The trial court thus erred in enjoining OR-OSHA from subpoenaing witnesses for investigative depositions pursuant to ORS 654.025(4) and in enjoining OR-OSHA from excluding employer representatives from any such depositions.
We turn finally to OR-OSHA’s second assignment of error, challenging the trial court’s attorney fee award. At trial, petitioner argued that it was entitled to attorney fees under ORS 182.090 and 183.497 because OR-OSHA acted “without a reasonable basis in fact or in law.” The trial court agreed with petitioner that OR-OSHA had acted “without a reasonable basis in fact or law,” reasoning that “no reasonable interpretation of the relevant statutes and administrative rules” would be “consistent with [OR-OSHA’s] conduct in this case.” Eslinger obviates that conclusion. Accordingly, we reverse the award of attorney fees to petitioner.
Reversed and remanded with instructions to enter judgment for OR-OSHA; award of attorney fees reversed.

 It is unclear whether the employees’ refusal to talk to OR-OSHA without Ripka present was a direct result of pressure from petitioner. Ripka testified that, at the beginning of the investigation, he informed petitioner’s employees that petitioner had asked him to be present during all OR-OSHA interviews of petitioner’s employees, and that he himself wanted to be present during their interviews, but that it was their “free choice.”

 ORS 654.067(4) provides:
“A representative of the employer and a representative authorized by the employees of the employer shall be given an opportunity to accompany the director during the inspection of any place of employment for the purpose of aiding such inspection. Where there is not an employee representative, or the employee representative is not an employee of the employer, the director should consult with a reasonable number of employees concerning matters of safety and health in the place of employment.”

“6 Defendant argues, finally, that employees have the right to determine whether to have an employer representative present for an interview.
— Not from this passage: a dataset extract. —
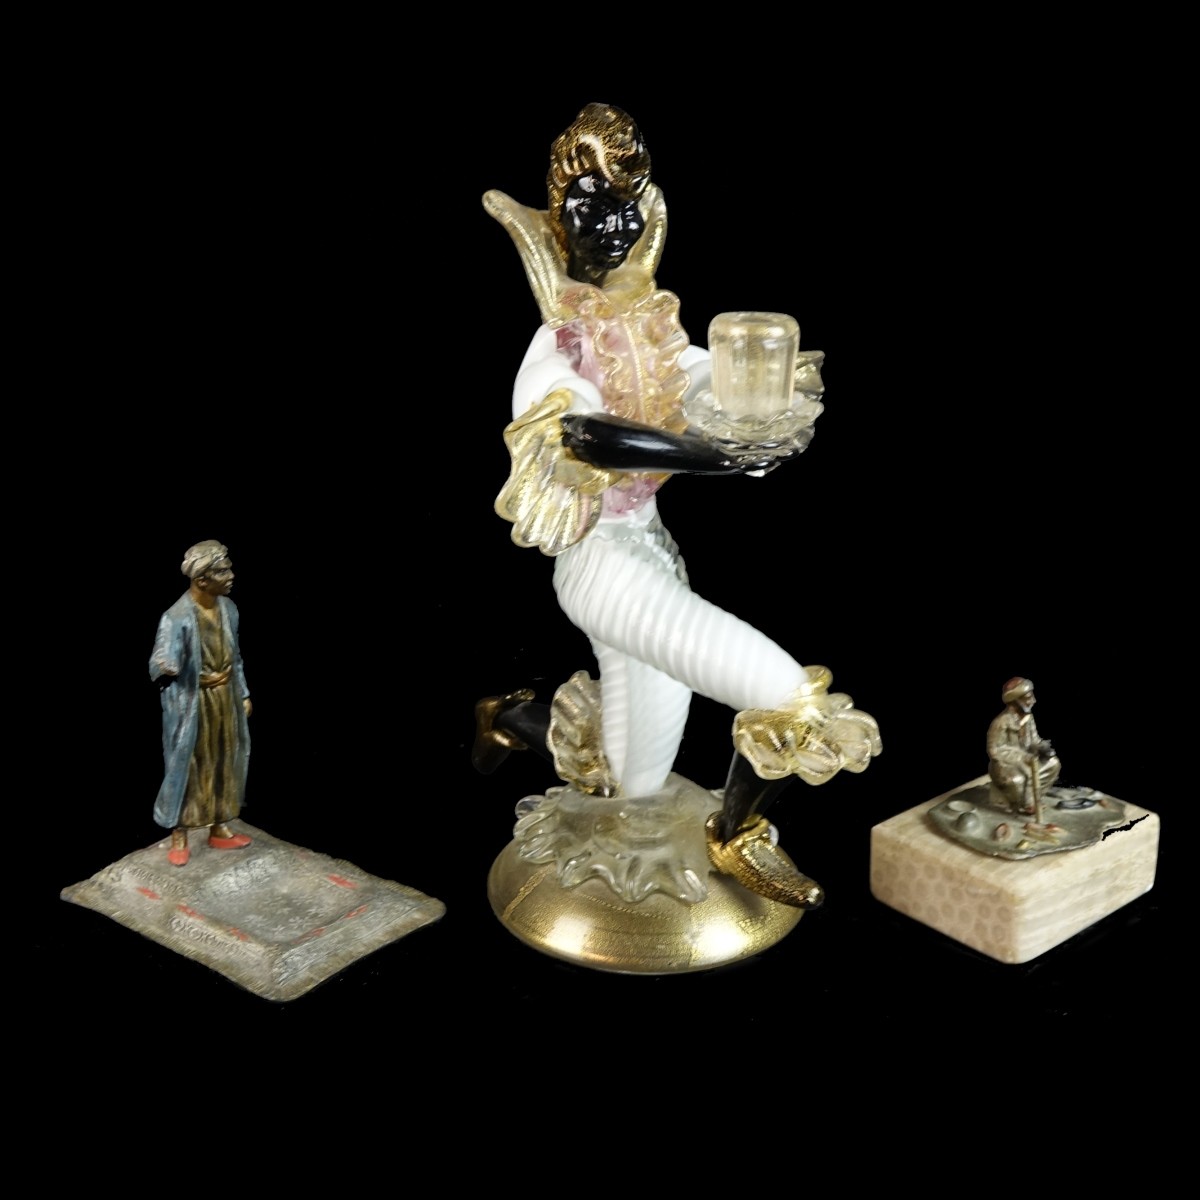 Three (3) Vintage Assorted Figurines
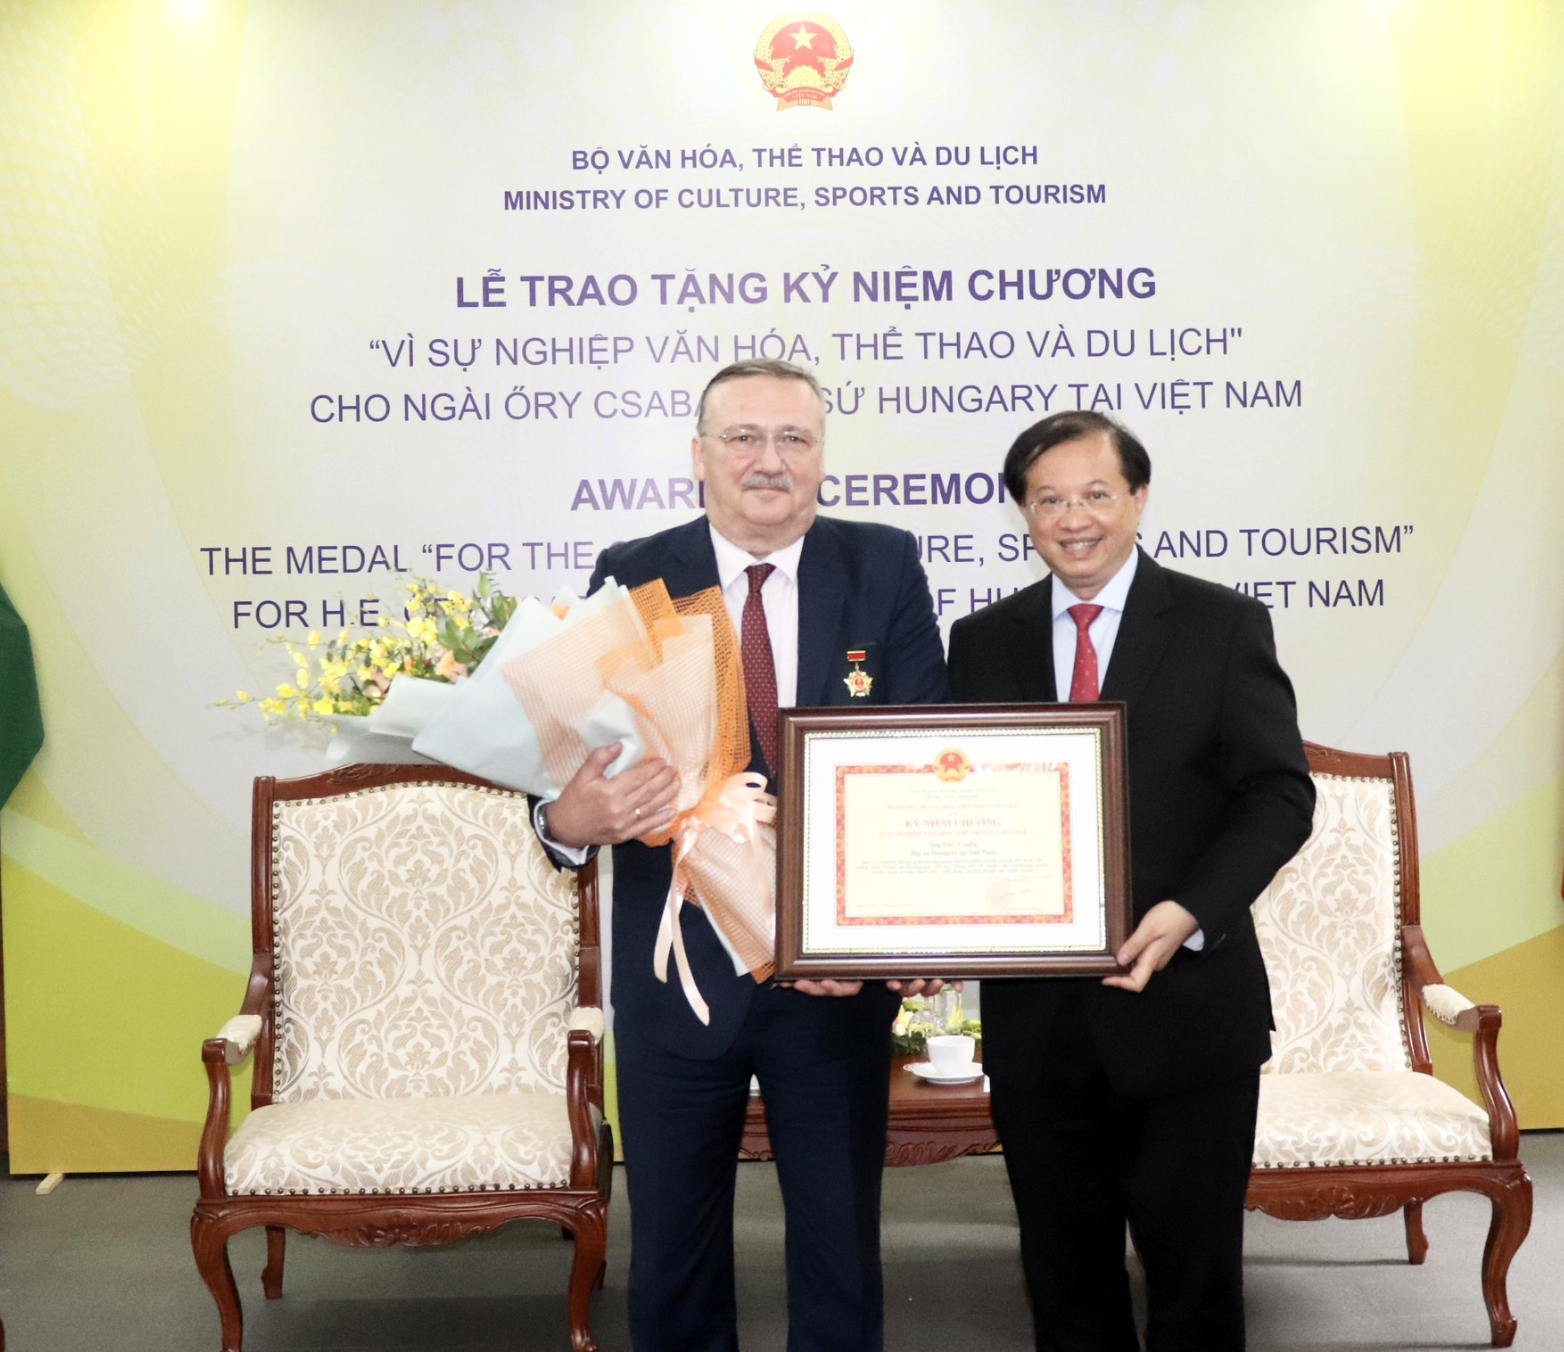 Trao Kỷ niệm chương “Vì sự nghiệp Văn hóa, Thể thao và Du lịch” cho Đại sứ Hungary tại Việt Nam

Nothing in the statute supports that argument, and we reject it.” Id. at 527-28 (emphasis added).

 ORS 654.130(1) provides:
“The Director of the Department of Consumer and Business Services or the Workers’ Compensation Board, or the authorized representative or desig-nee of the director or the board before whom testimony is to be given or produced, in case of the refusal of any witness to attend or testify or produce any papers as required by subpoena, may report to the circuit court in the county in which the inquiry, investigation, hearing or other proceeding is pending, by petitioner setting forth that due notice has been given of the time and place of attendance of the witness, or the production of the papers, and that the witness has been subpoenaed in the manner prescribed and that the witness has failed *102and refused to attend or produce the papers required by the subpoena or has refused to answer questions propounded to the witness in the course of such proceeding, and ask an order of the court to compel the witness to attend and testify or produce said papers.”